As your infrastructure grows more complex, storing long-term metrics becomes difficult and costly to retain. Your team stars to limit the amount of historical data they archive, causing gaps in coverage. Anomalies start to slip through the cracks.
Version 1.18 of Netdata aims to solve the monitoring metrics storage problem once and for all.
Aside from 5 new collectors, 16 bug fixes, 27 improvements, and 20 documentation updates, here’s what you need to know.
Database engine becomes default metrics storage mode
The database engine is now the default method of storing metrics in Netdata.This database stores metrics for extended periods, at scale. The approach offers better performance and lower memory usage than what Netdata used in the past by saving recent metrics in RAM and “spilling” historical metrics to disk for long-term storage.
We even have a tutorial on switching to the database engine and getting the most from it. Or, just read up on how performant the database engine really is.
We’re continually making improvements to the database engine to help you collect more data, back it up, and validate it. And, of course, avoid the pitfalls of centralized metrics storage via our distributed model.
Plugin history ensures your services stay monitored
Let’s say you had a system where, upon reboot, one of your monitored services took 2 minutes to start up again.Even with Netdata’s auto-detection capabilities, you might have needed to restart Netdata to start collecting metrics from that service.
With v1.18, these kinds of post-reboot papercuts are no more. Our python.d
and go.d
plugins now periodically dump a list of active modules to disk. Now, when you reboot, the plugins use this list to re-establish metrics collection.
The plugins will keep trying for a few minutes, so that slow-starting service of yours will now get picked up without an intervention on your part.
Monitor big data Hadoop with Netdata
Our new HDFS and Zookeeper collection modules will help those with Hadoop infrastructures monitor these services with almost no required configuration.Our community helped us build insightful default alarms, and the aforementioned auto-detection will take care of most of the rest.
For everything else, check out our HDFS and Zookeeper tutorial.
Dimension templates bring simplicity to alarms
If you rely on a large number of custom alarms to monitor the health of your systems, applications, or infrastructure, you’ll be happy to hear about our new dimension templates for alarms.These might not sound like much, but they dramatically streamline the process of creating alarms. Here’s an example.
In previous versions of Netdata, you needed to create individual alarm entities for each dimension. If the chart/metrics you wanted to monitor had 10 dimensions, you would have to create 10 individual entities. Most users copy-pasted an original alarm and edited the alarm
and lookup
lines to change the name and dimension to monitor, respectively.
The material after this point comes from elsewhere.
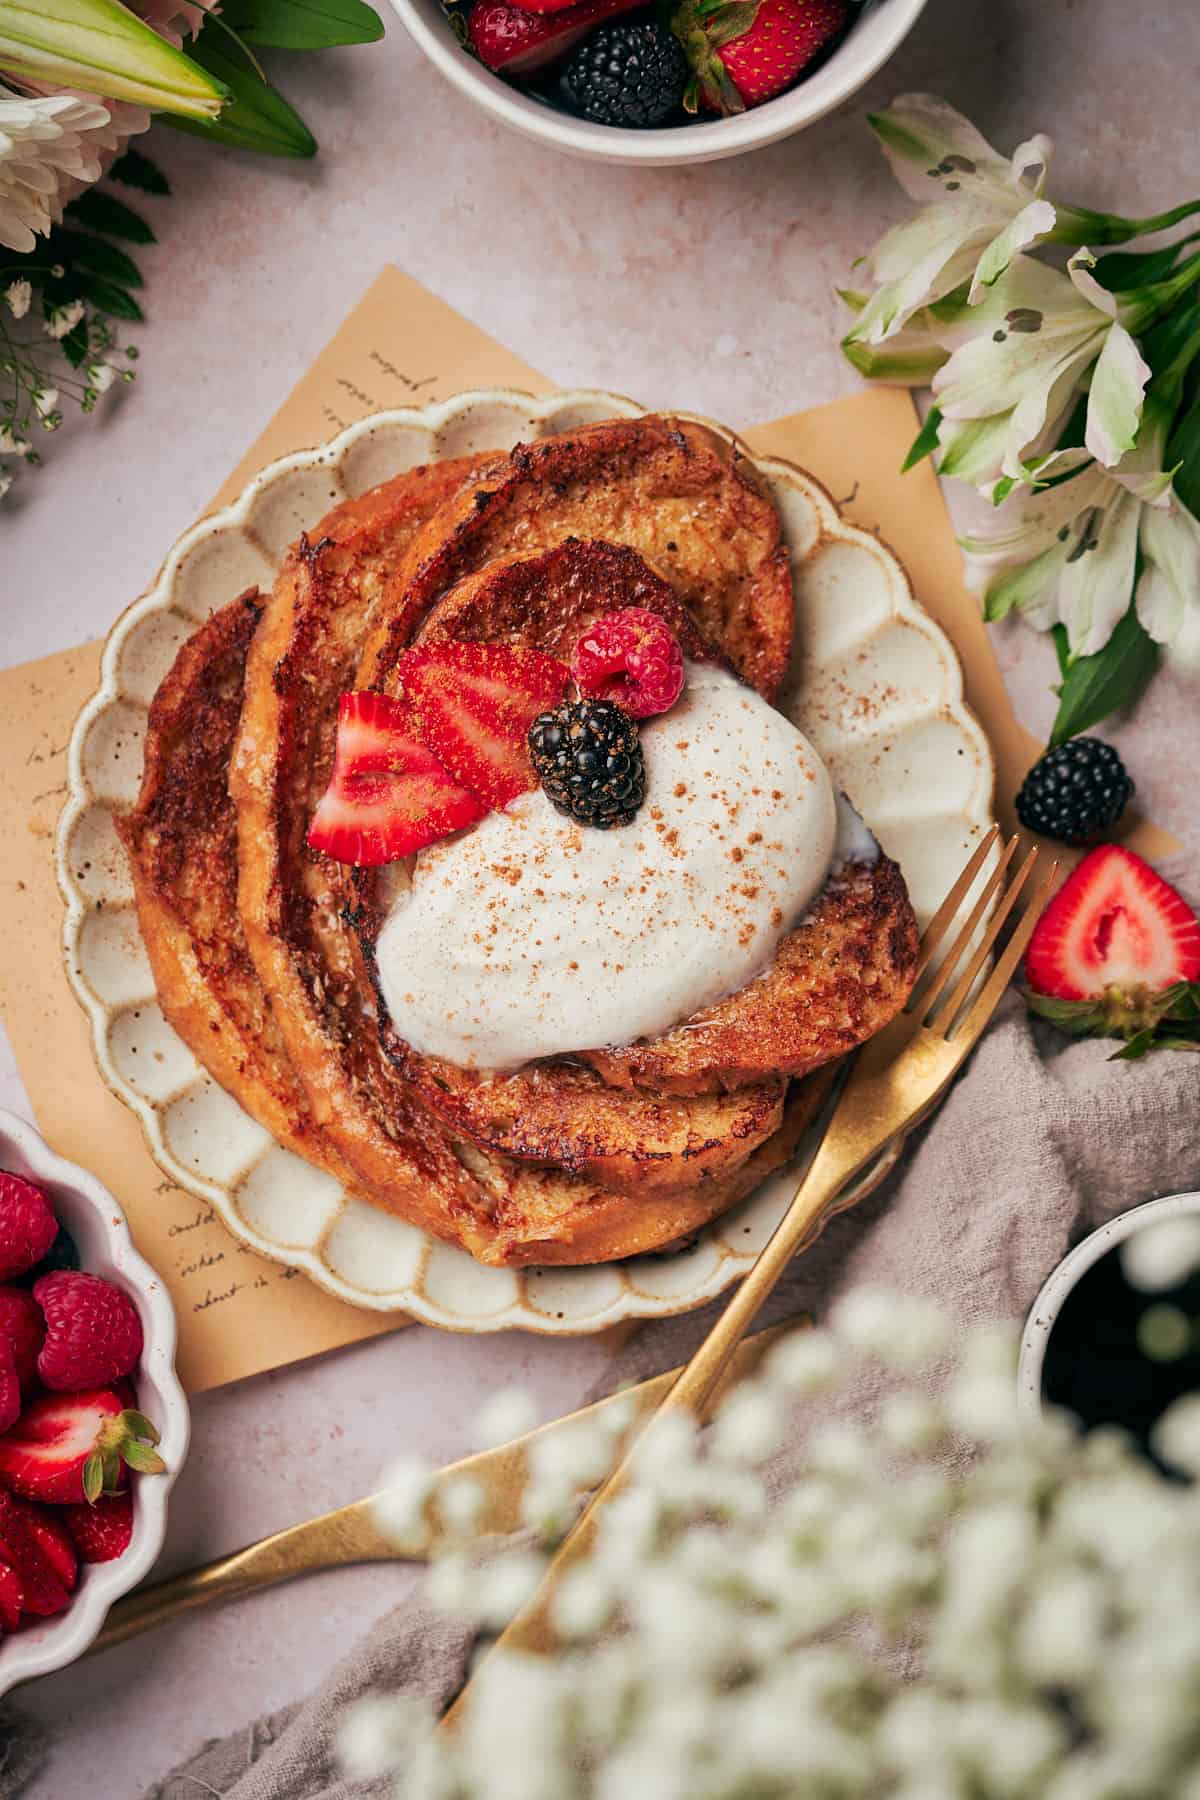 Sourdough french toast with strawberries and blackberries, with a gold fork on a plate with flowers in the background.

Here’s an example of entities for three dimensions in system.cpu
metrics:
alarm: cpu_system
on: system.cpu
lookup: average -3s percentage of system
every: 10s
warn: $this > 50
crit: $this > 80
alarm: cpu_user
on: system.cpu
lookup: average -3s percentage of user
every: 10s
warn: $this > 50
crit: $this > 80
alarm: cpu_nice
on: system.cpu
lookup: average -3s percentage of nice
every: 10s
warn: $this > 50
crit: $this > 80
And, based on your system, you might have many more than three dimensions in your system.cpu
chart. Creating all these entities was an error-prone hassle for our users.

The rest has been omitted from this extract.